The talk I did see suggested the Burn exists so that the Discovery people are still relevant. They complain about the practicality with the existence of other means of FTL travel besides warp. So it seems you still need a lot of fanwaking (adding your own ideas to explain stuff that the show never tells you) to make it all make sense.

The show lost me at the end of Season 1 when Michael sided with the Empress, a horrible person with no redeeming qualities, over Captain Lorca who, while admittedly evil, was actually a decent captain who seemed to care about the crew of the Discovery. But supporting the Empress (who, as you recall, ate people) served Michael’s emotional needs, and that was what’s important.

I should have quit there, but stuck around for another season an a half out of inertia.

The thing is, you have to earn emotional catharsis. You have to do the work. You can’t just go around shouting “Feel this!” in people’s faces, which is what the show usually did.

Yeah, whilst other series in the franchise can probably be criticised for repeating a generally technical-problem-of-the-week format, that was not out of keeping with the show; To Boldly Go; overcome the difficulties of exploring space, Discovery seems to lean way more heavily on emotional-problem-of-the-week. i.e.
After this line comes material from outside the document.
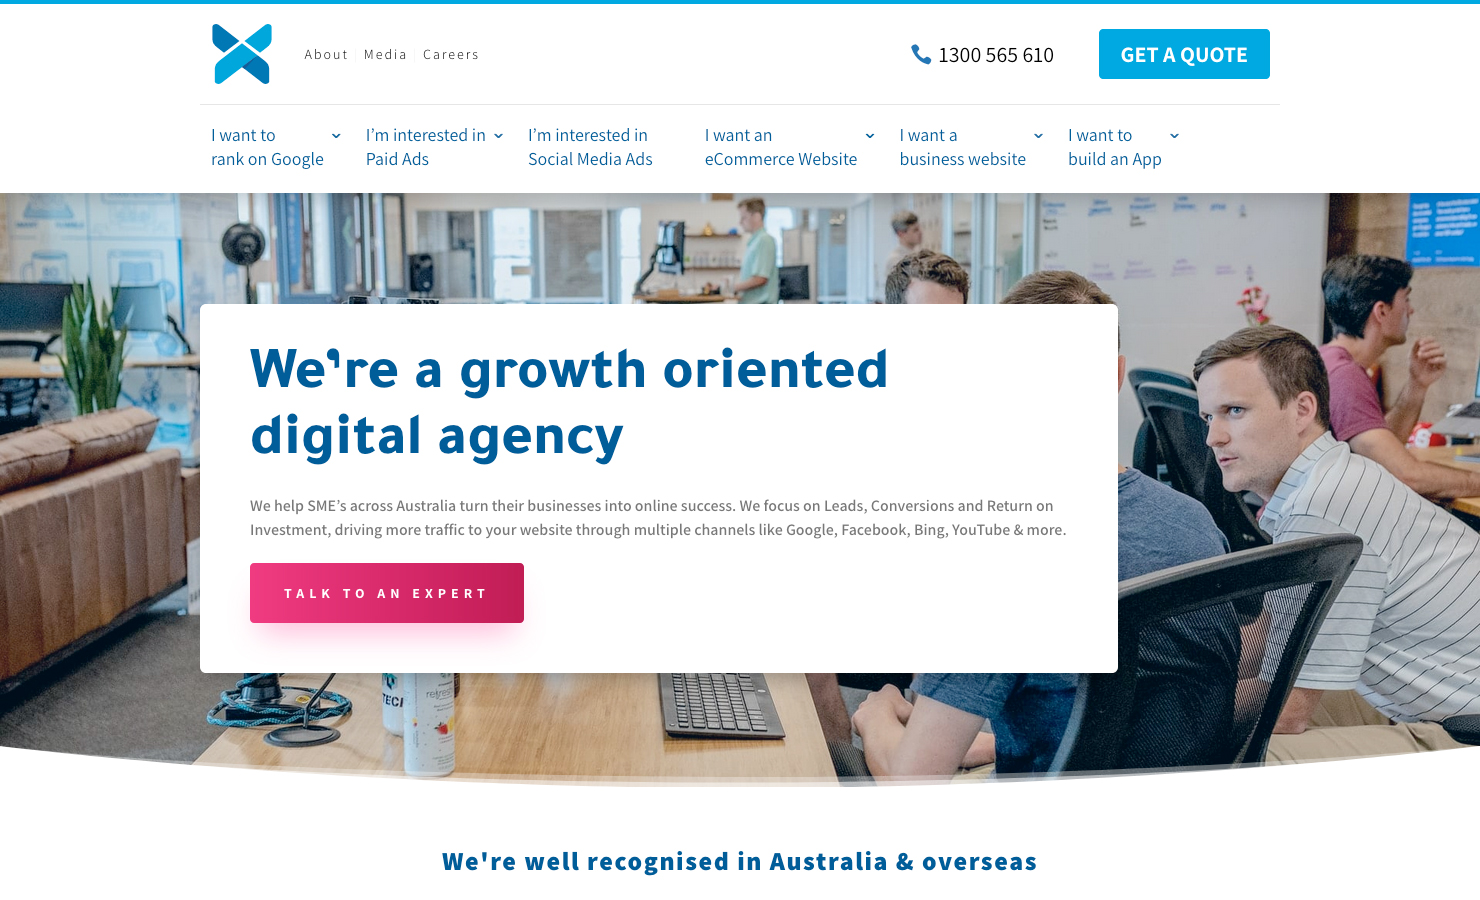 Xugar - Digital Agency Melbourne

To Boldly Feel.

Edit: And this gets tiring. I can watch people solving problems all day and find it exciting and inspiring, but watching a show unload its emotional baggage on me week after week just makes me feel like it’s a job. You’re making the audience into your therapist.

Good point, but I’d like to add: classic Trek didn’t just deal with technical problems, it also dealt with moral and ethical problems - which Discovery, in turn, rarely bothered with. Morals and ethics are a lot more interesting than emotions, IMHO.
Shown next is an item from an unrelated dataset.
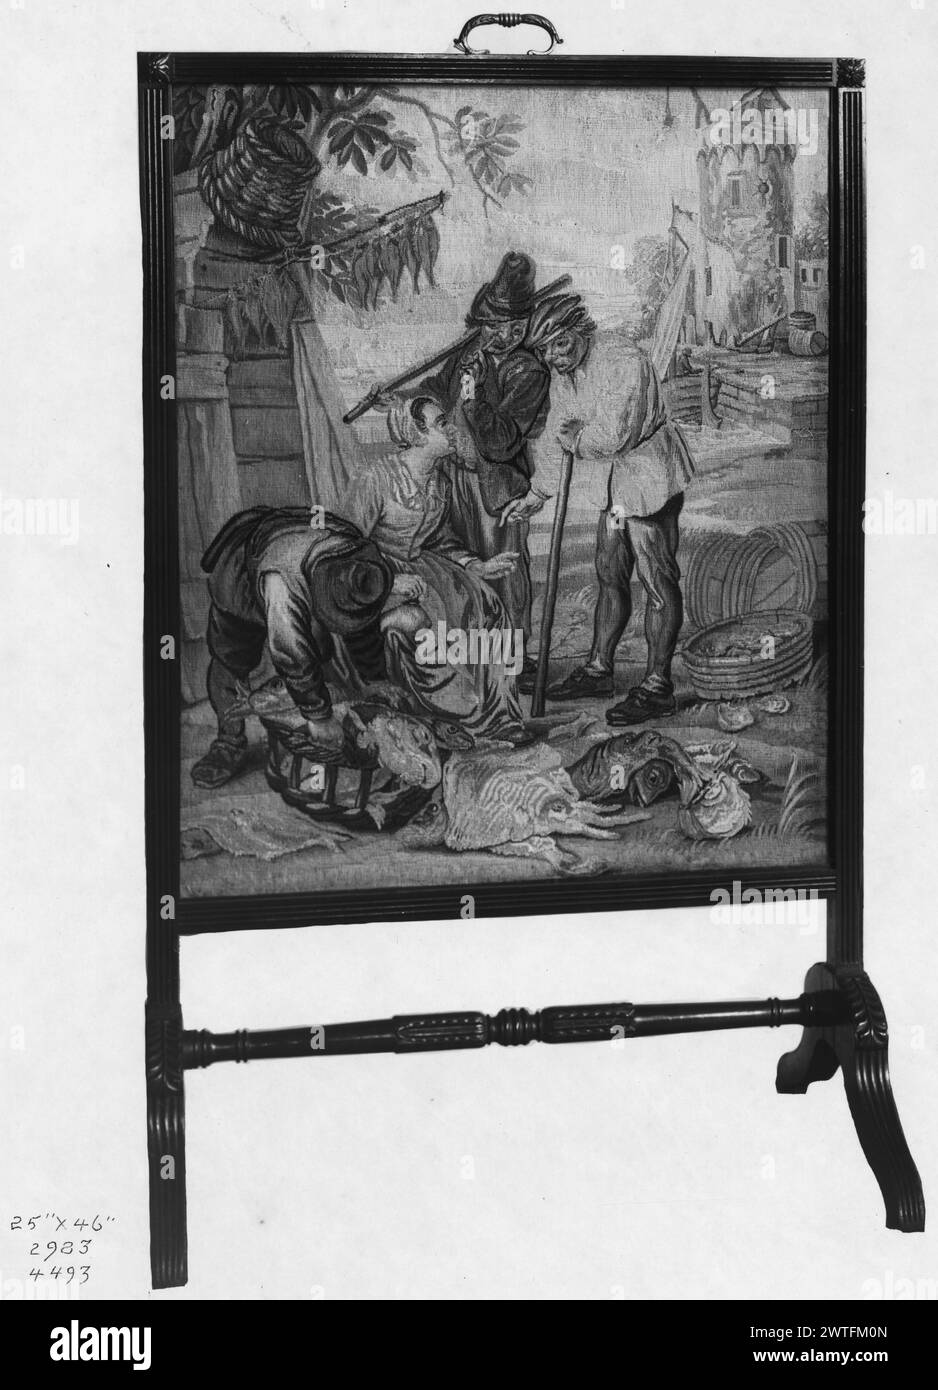 Banchina di pesce. Teniers, David II (fiammingo, 1610-1690) (disegnato dopo) [pittore] c. 1675-1775 arazzi dimensioni: H 46' x W 25' arazzo materiali/tecniche: Sconosciuta Cultura: Flemish Weaving Center: Bruxelles storia di proprietà: French & Co. Acquistato H. S. De Souhami, ricevuto 11/9/1917; venduto a J. S. Cosden 1/7/1922. Donna seduta circondata da un gruppo di 3 uomini e cesti di pesci (centro, primo piano); banchina e torre (centro, sfondo) arazzo è incorniciato. Questo pezzo mostra somiglianze con le tessiture della fine del XVII-XVIII secolo, ma ci sono variazioni significative nei dettagli e nella scala [= potrebbe essere moderno]. Vedere Foto Stock

Good point - yes, it really did.

Yeah, I think maybe because if you feel like you have wrestled with a moral/ethical quandary - there is usually a payoff - your viewpoint is changed, or affirmed, or at least you recognise that it’s a situation that has complexities you perhaps weren’t thinking about.

Other people’s emotions can be like that too, if you already have other reasons to be invested in their story, otherwise it’s just exhausting and at the end, there’s nothing except that exhaustion.

I literally found myself saying “Oh FFS what is it NOW?” at the screen, over and over, when trying to watch Discovery.

They declared their main character to be the never-before-heard-of sister of the most famous character in the entire canon and then ran into continuity problems? Say it ain’t so!

What??

[looks it up in Wikipedia]

Oh. MY!

She was Spock’s adopted sister. And her long-lost mother was a brilliant scientist whose time-travelling experiments impacted the entire galaxy. And she was the doppelganger of the heir to the Mirror Universe’s evil empire. These three facts were not connected to each other. She was Just. That. Important.

That was what finally got me. There was an episode where one of the bridge crew dies, and they wanted us to feel all hurt over … what was their name again?.. dying. But they’d never really made that character stand out in any way that their death would make the audience legitimately sad.

Compare that to The Firefly movie. “I am a leaf on the wind”. Man, that one was a shock, because we actually knew the character, and wanted them to survive.

Or how they Armin Tamzarian’d the spore drive.

Now let us never speak of it again.

Was her name Michael Sue?

I don’t like using the term you’re implying - it’s overused and often misapplied, and has more than a whiff of misogyny to it.

But in this case yes, totally.

Misogyny? Have you ever heard the term “Mary Sue”? Or “Marty Stu”, in relation to badly written characters that are obvious wish fulfillment for the author? That they are always the bestl brightest crewmembers and everyone wants to be their friend? I can’t use “Michael Stu”, because THAT would be misogynistic. Michael Burnham IS a woman, you know.

There’s a tendency among the incel brigade to refer to any competent female protagonist as a “Mary Sue.” I try to avoid using it.

Well, sometimes a sue is just a sue.